In round 1 of the Delphi survey, experts will receive an updated list of OMIs pertaining to each of the seven outcomes, which will be delivered by e-mail. The investigators will provide the experts with a spreadsheet consisting of seven tabs, one for each outcome. Every tab will include all associated OMIs that were obtained during step 2 and the Delphi pre-round, accompanied by a brief note of the methods/equipment used, a short description of the samples in which the OMI was used and graded evidence of the OMI resulting from step 3. A detailed description of the characteristics of each included study will be provided separately to assist experts in reviewing the OMIs. Study characteristics will include author and year of publication, the outcome(s) studied, the sample characteristics extracted in step 2 and the methodological quality of the study evaluated in step 3. Experts will be given detailed instructions and an instructional video outlining how to score each OMI on a 1–10 scale (1 = lowest, 10 = highest) for five different aspects of feasibility: applicability, patient feasibility, clinician feasibility, practical feasibility and overall rating. A comment box will be provided to allow experts the option to provide additional information to the researchers (i.e. explain responses or raise concerns), or to indicate that they are ignorant or uncertain. Experts will have 2 weeks to score the OMIs for feasibility. Reminder e-mails will be sent after 1 week and at 1 day before the end of the 2-week period. Mean scores will be calculated after receiving and aggregating the expert scores. OMIs with a mean overall score ≥ 7 will be retained, those with scores < 6 will be omitted and those with scores of 6–7 will be discussed among the investigators using the expert comments and quality scores. Moreover, we will examine differences between clinician and researcher scores and describe these results.
In subsequent rounds of the Delphi survey, experts will be presented the results from the previous round. All experts will see aggregated scores for each OMI, and a synopsis of the comments made by each expert (if applicable).
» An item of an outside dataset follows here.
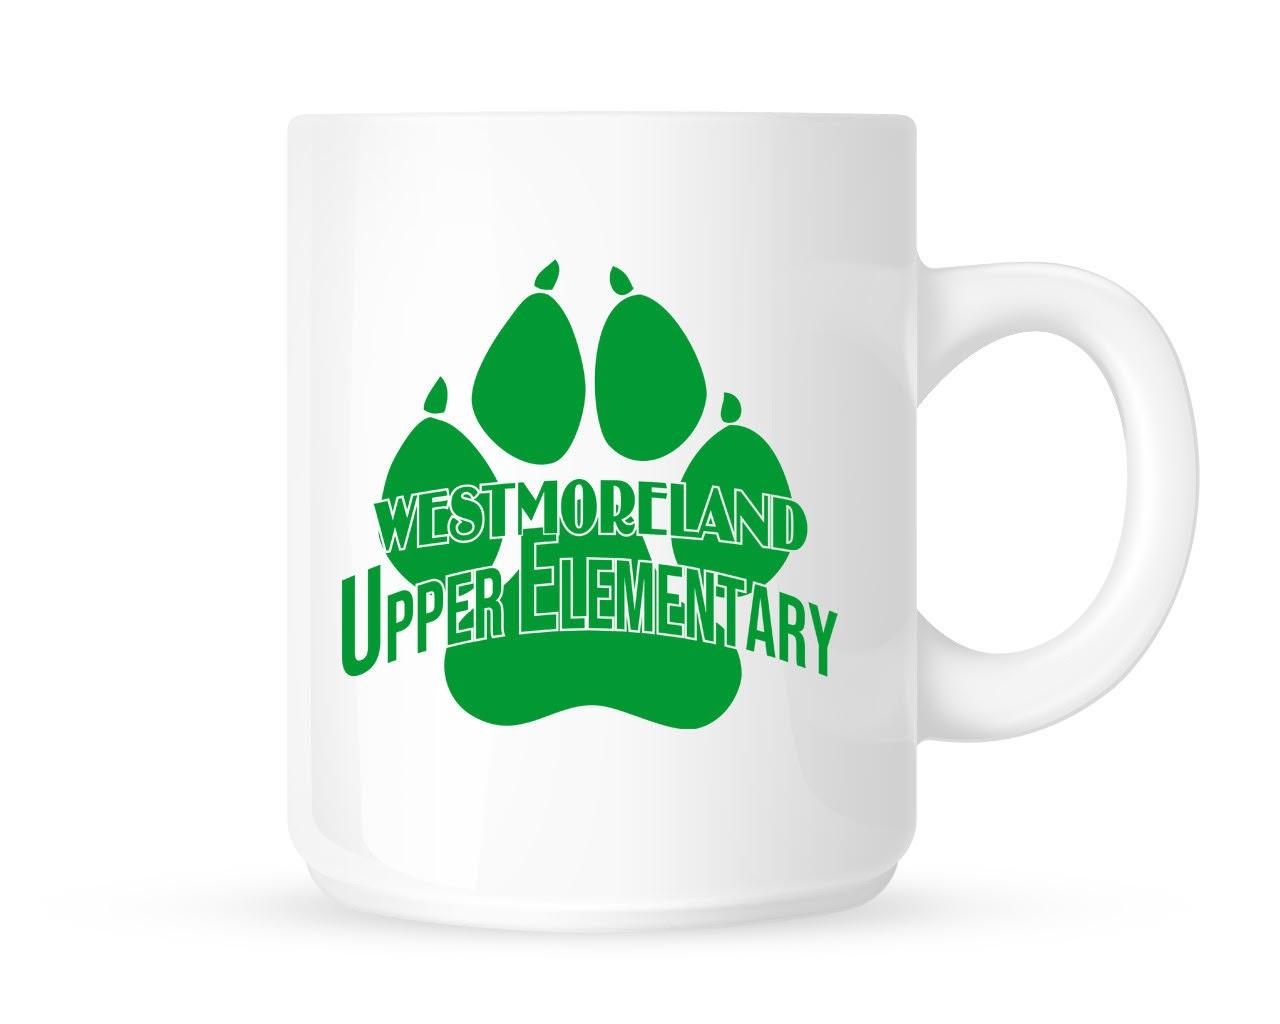 11oz White Ceramic Coffee Mug - Upper Elementary Logo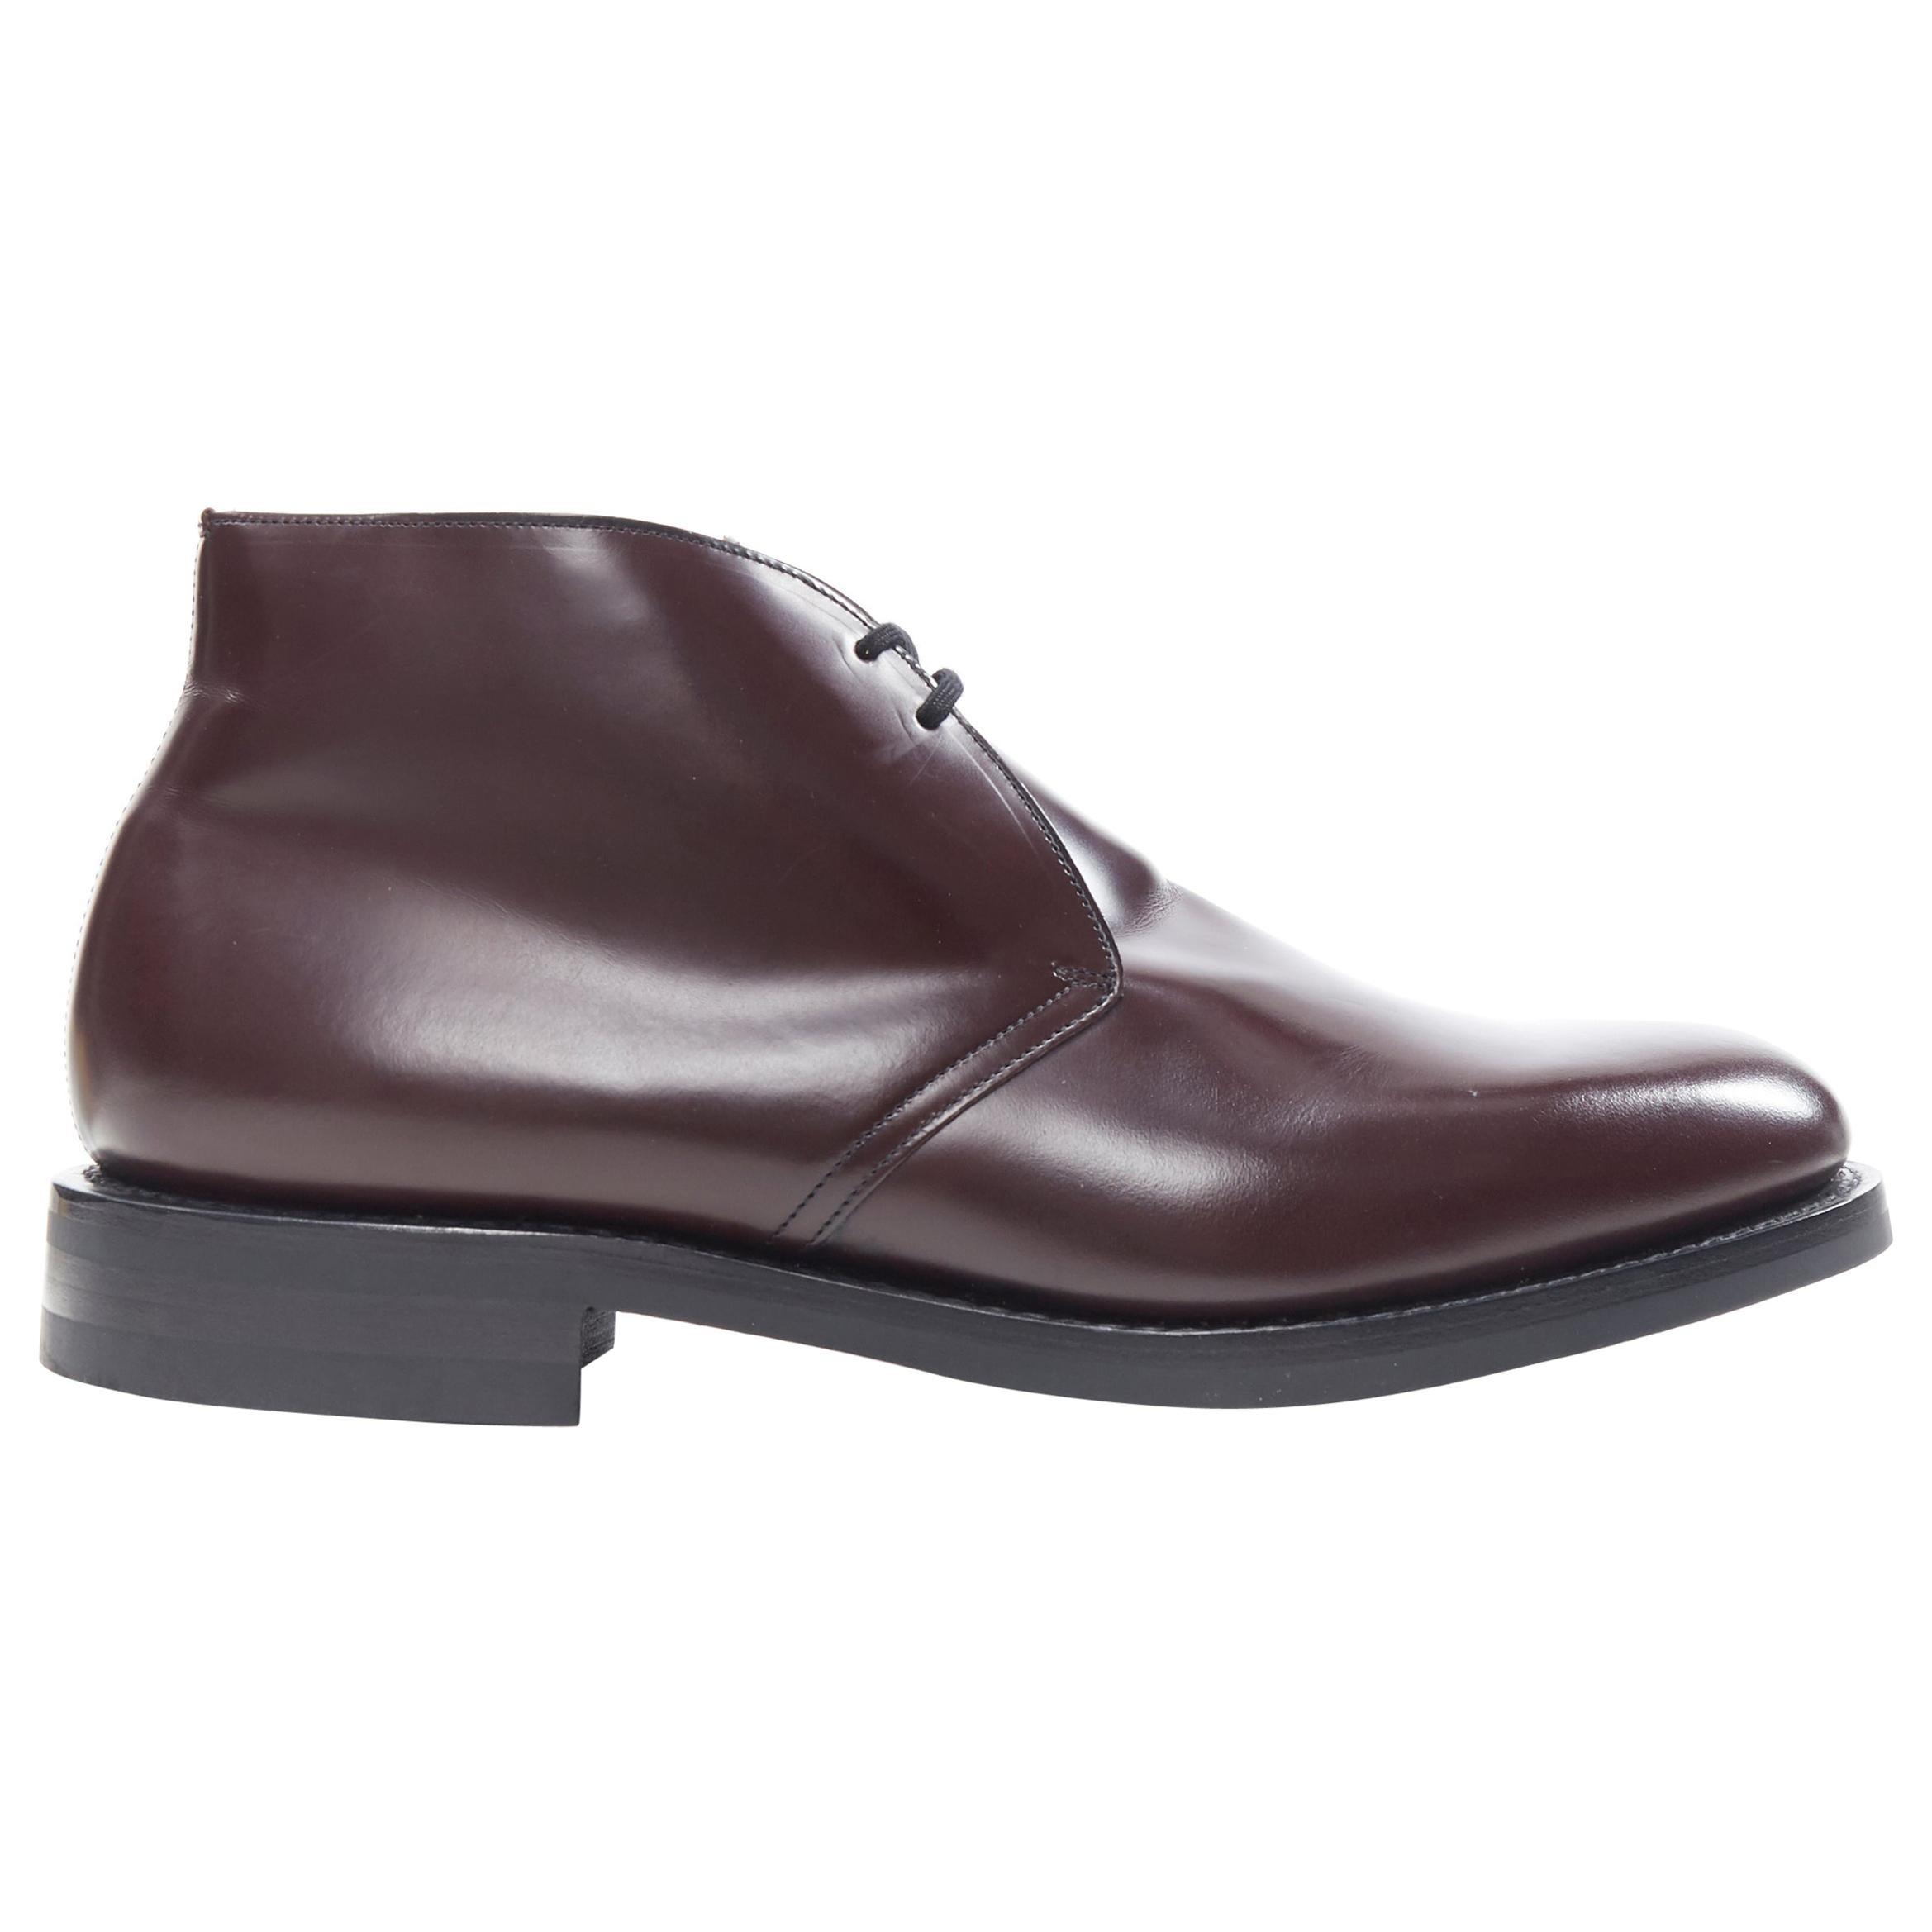 new CHURCHS Ryder 3 Burgundy Bright Calf polished leather chukka boots UK10 EU44

Experts will be asked to consider the feedback (i.e. aggregated scores and comment synopsis) and again score the feasibility aspects for the remaining OMIs with an option to provide their rationale in a comment box. In these rounds, experts also will be asked to identify their preferred OMI for each outcome and to explain why. Similar to round 1, experts will have 2 weeks to score the OMIs for feasibility with reminder e-mails provided at the same time points. The expert scores will be processed in a similar fashion and extended with the preferred OMI scores. This process will continue until a single OMI per outcome is selected, based on ≥ 70% agreement among experts. The investigators will attempt to identify a provisional COS pertaining to the seven outcomes from the scores after two rounds. This will be based on aggregated scores (mean and median), expert opinion (i.e. rationales and additional information from the comments) and the quality of the studies and OMIs. The provisional COS will be presented to all experts, who will be asked whether they agree or disagree with the OMI for each outcome in the COS. If an expert disagrees with the suggested COS, they will be asked to provide their comments and reasons for disagreement . From the decisions and comments made by the experts, a provisional COS will be presented and evaluated for final agreement. The COS will only become final after feasibility testing (phase 3) and stakeholder engagement (phase 4) (see below).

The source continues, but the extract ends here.